In a news release, Apollo indicated it intends “to help drive additional incremental growth through initiatives such as expansion of non-gaming facilities, expanded loyalty and marketing programs, and gaming improvements that leverage the scale of the firm’s platform.”
Alex van Hoek, partner at Apollo, was quoted in the November release:
“Great Canadian is a leader in the gaming and entertainment industry and, based on our experience and knowledge of the space, we see opportunities to work with their talented team to drive additional growth and value. With an industry-leading portfolio of assets and established presence in the best geographic markets across Canada, we are excited to help bring an enhanced experience to more guests across Canada.”
Last month, Great Canadian released its fourth-quarter and fiscal 2020 results. The company acknowledged the pandemic has had a significant effect on business since the temporary suspension of all of its gaming facilities and ancillary amenities on March 16, 2020.
Great Canadian operated its gaming properties in Ontario, Nova Scotia and New Brunswick under restriction for a portion of the fourth quarter but was required to temporarily close the majority of these properties again at various dates prior to year end due to local health mandates.
In the quarter that ended Dec. 31, Great Canadian reported a loss of $45 million (60 cents per diluted share) on revenue of $62.6 million. During the same quarter in 2019, the company registered a profit of $62.4 million (79 cents per diluted share) on total revenue of $357.4 million.
For the full fiscal year, Great Canadian had a 2020 loss of $101.9 million ($1.49 per diluted share) on total revenue of $442.3 million. That’s compared to pre-pandemic 2019 in which the company recorded a profit of $244.9 million ($3.78 per fully diluted share) on total revenue of $1.36 billion.

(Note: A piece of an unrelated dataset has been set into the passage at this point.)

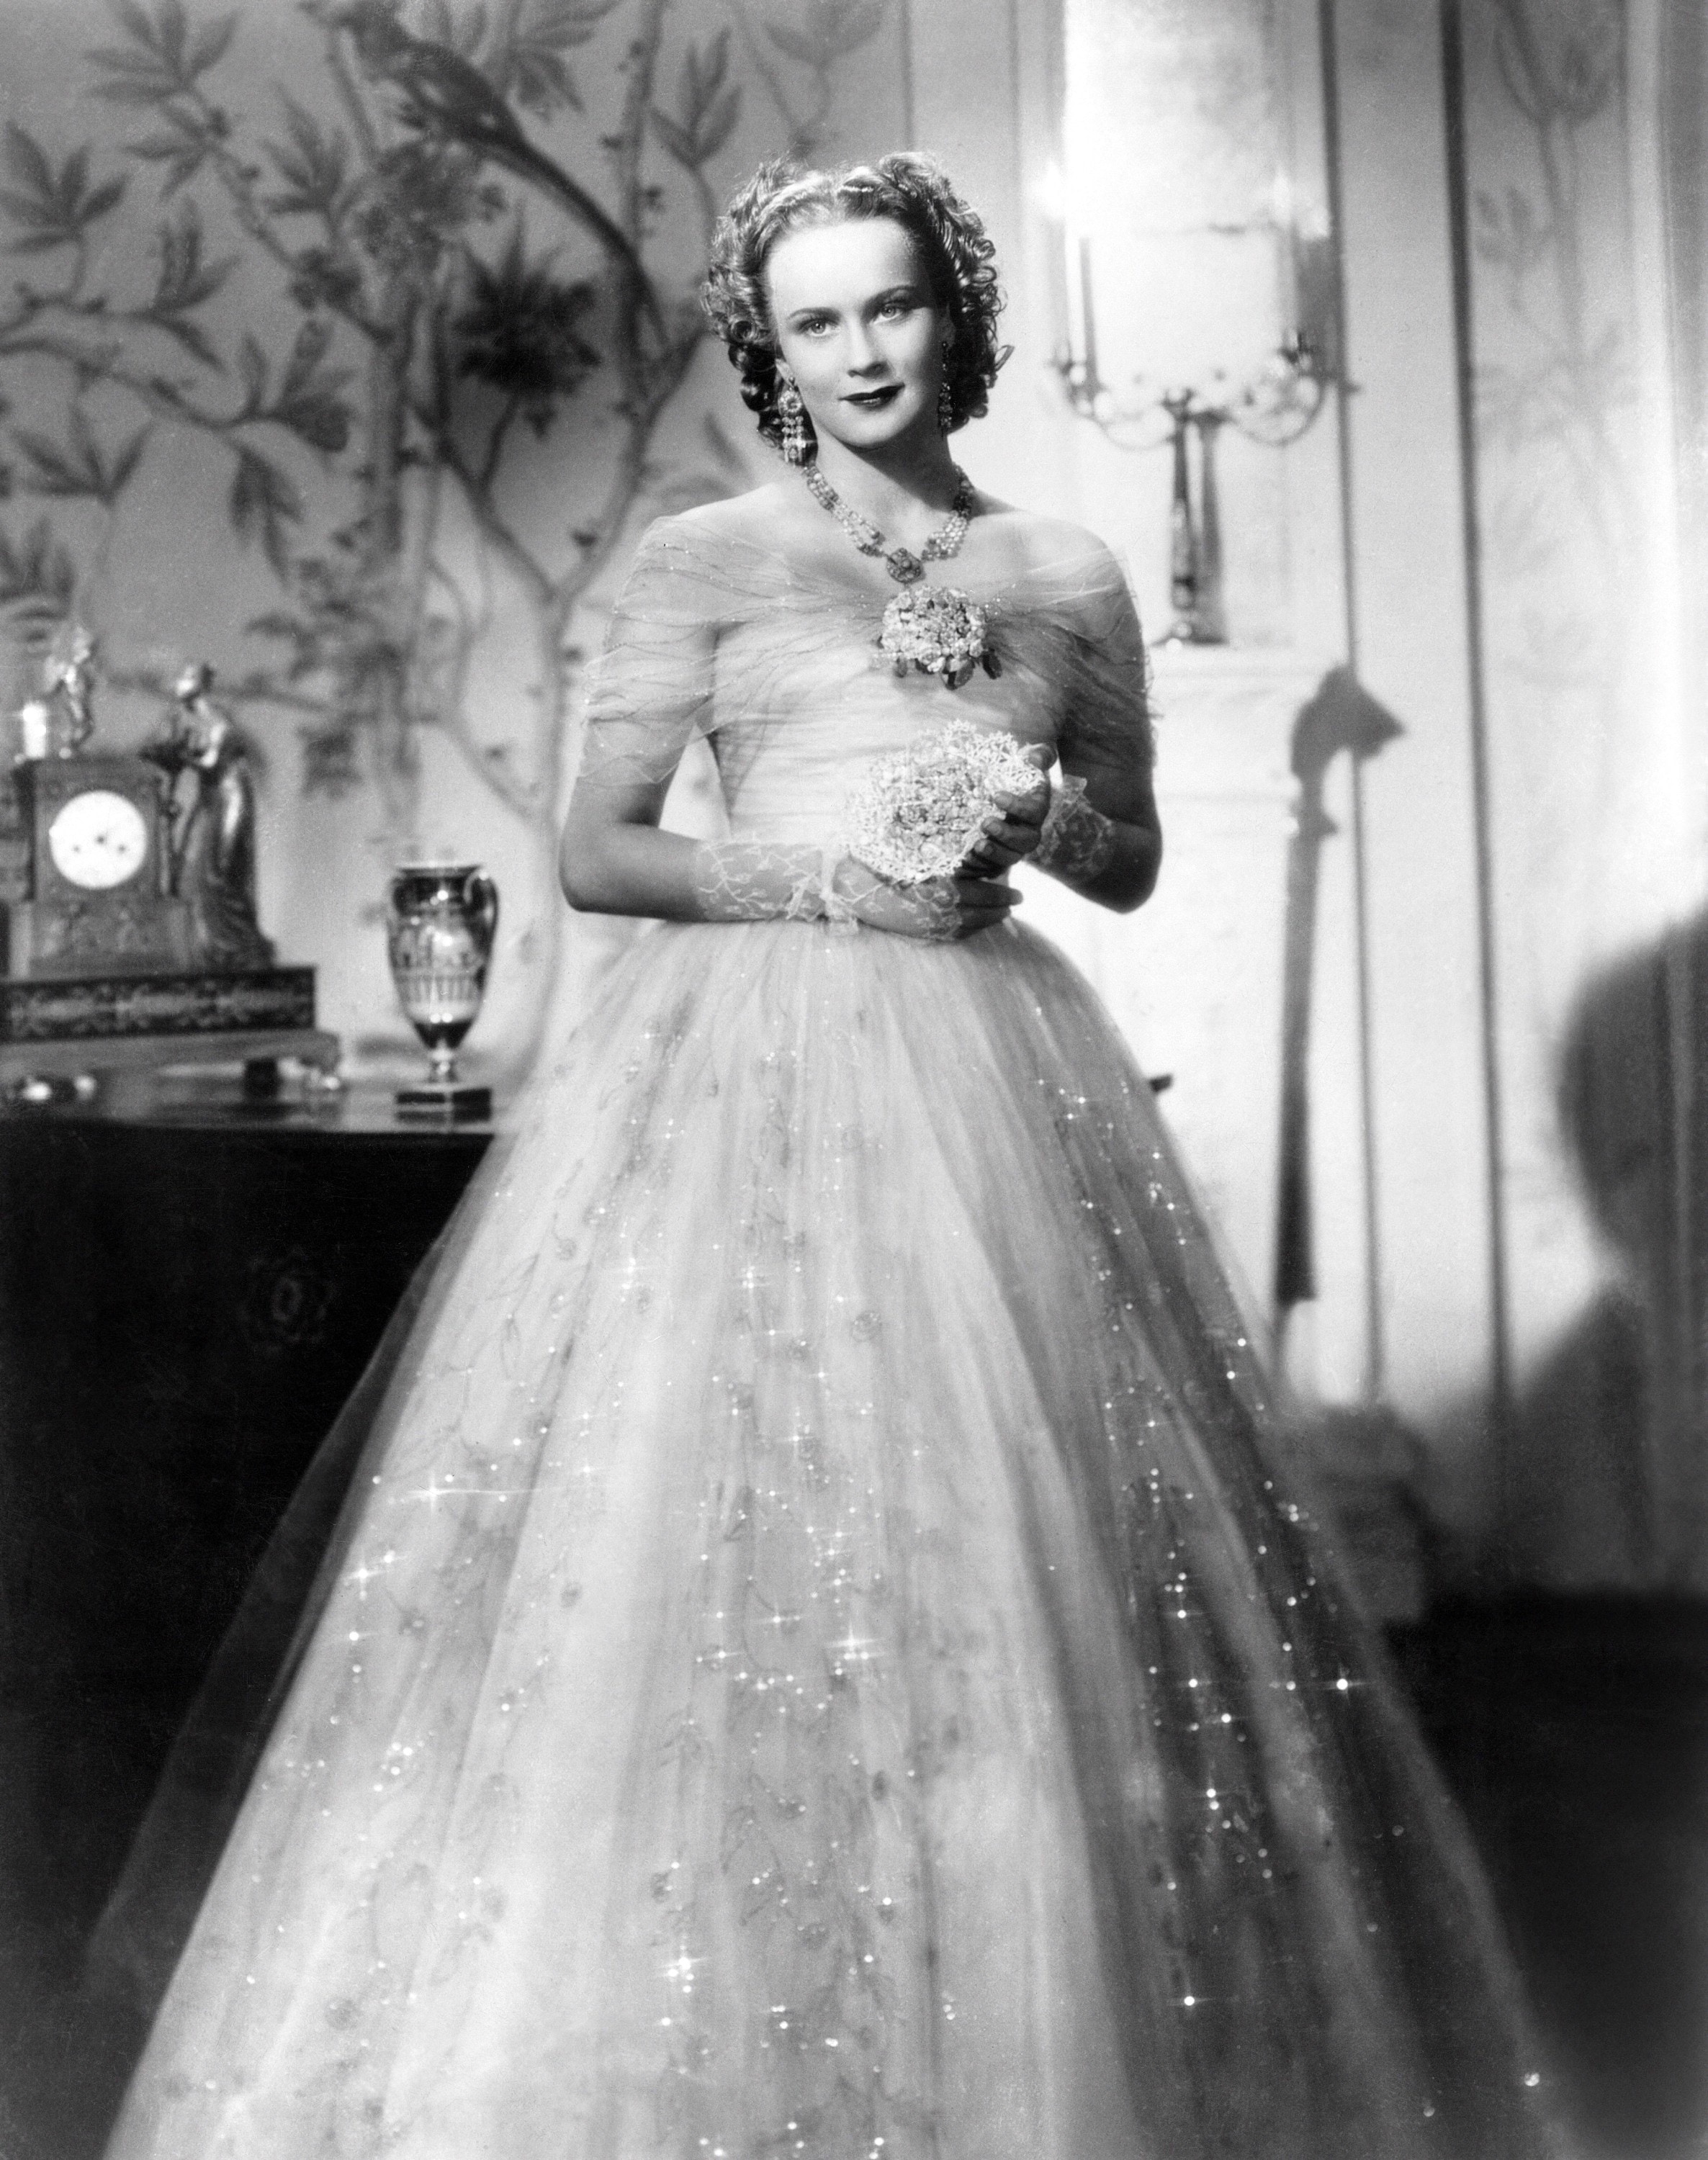 "Manon Lescaut", 1940

During the fourth quarter, Great Canadian management entered into amending agreements with its lenders that will continue to temporarily waive compliance with the company's financial and operational covenants under its credit facilities.
As of Dec. 31, the casino company was able to remain in stable capital and liquidity position with a cash balance of $434.8 million and $972.3 million of available undrawn credit on its credit facilities, subject to applicable covenants, the company revealed.